“It sounds like you just dont feel like the laws should apply to you.”
How do you reconcile your statement with: “As do I, which is why penalties should be applied for actual driving violations, as opposed to the chemical content, activities, or mental state of the driver.”
That is not a denial of the law, just an expression of what it should be, and how it should be enforced. I think you should re-examine your positions, they’re rife with inconsistency. For instance, it doesn’t matter that you can put a cell phone down and not be impaired. The issue is with the large number of accidents that’re caused while people are using them.
My point is that many people can talk on a cell phone, or drive while mildly stoned, and still outperform many other completely ‘unimpaired’ drivers. Vehicle law enforcement should be based on driver performance, nothing else.
“Should be enforced.” You have no practical knowledge of this. If you do, you first have to show how your idea is better than the existing system. So far you are unimpressive in your reasoning.

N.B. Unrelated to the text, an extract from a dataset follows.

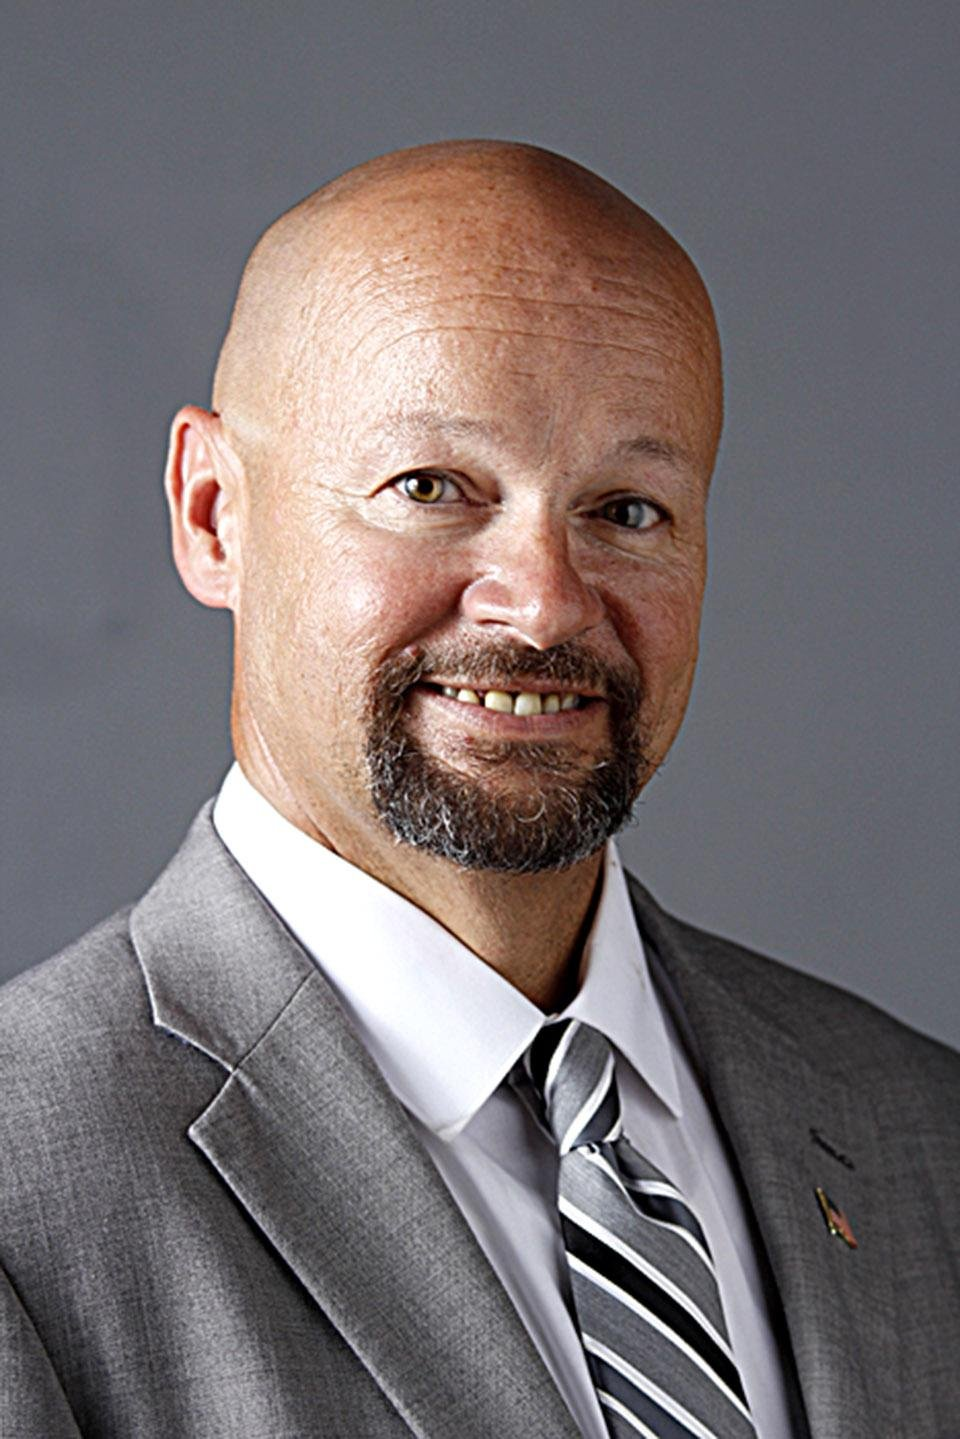 Funding priorities key in Carroll County sheriff's race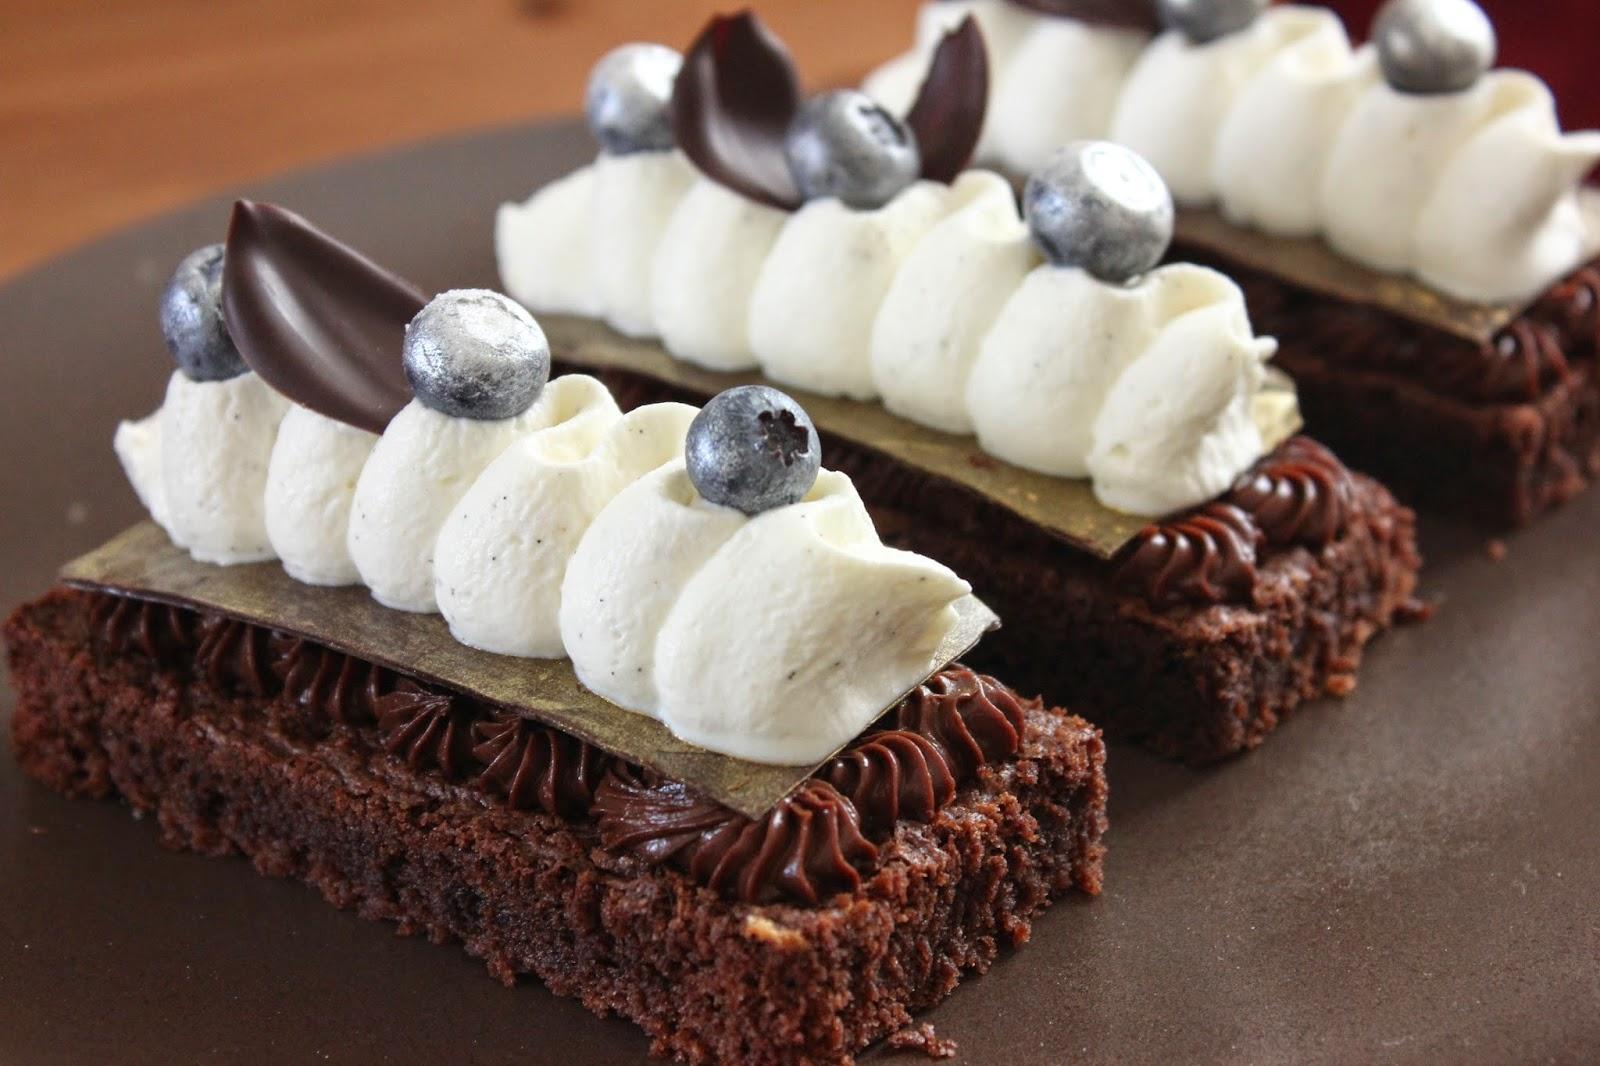 dessert l 39 assiette chocolat et vanille amour. Black Bedroom Furniture Sets. Home Design Ideas

Your point that law enforcement should be based on driver performance, nothing else, is completely without merit. My positions are consistent, regardless of what you label them. Driving distracted is against the law. That was covered by the careless and reckless violations I mentioned. Driving chemically impaired is against the law.
Your unproven assertion that ‘mildly’ stoned drivers can outperform unimpaired drivers is meaningless. I’ll leave you with this fine example as I head off into the night:
He was driving fine stoned on coke until he was distracted by the officer’s red lights and ran off the road. He killed the officer and injured the people in the car the officer had stopped for speeding.
Insert marijuana, alcohol, cell phone, and they are all still against the law.
Bend yourself into a pretzel all you want. Drive stoned-go to jail. It is against the law. Drive drunk- go to jail. Drive distracted by a cell phone and change lanes without signaling? Get a ticket. The state has the right and the duty to police the roads. Game. Set. Match.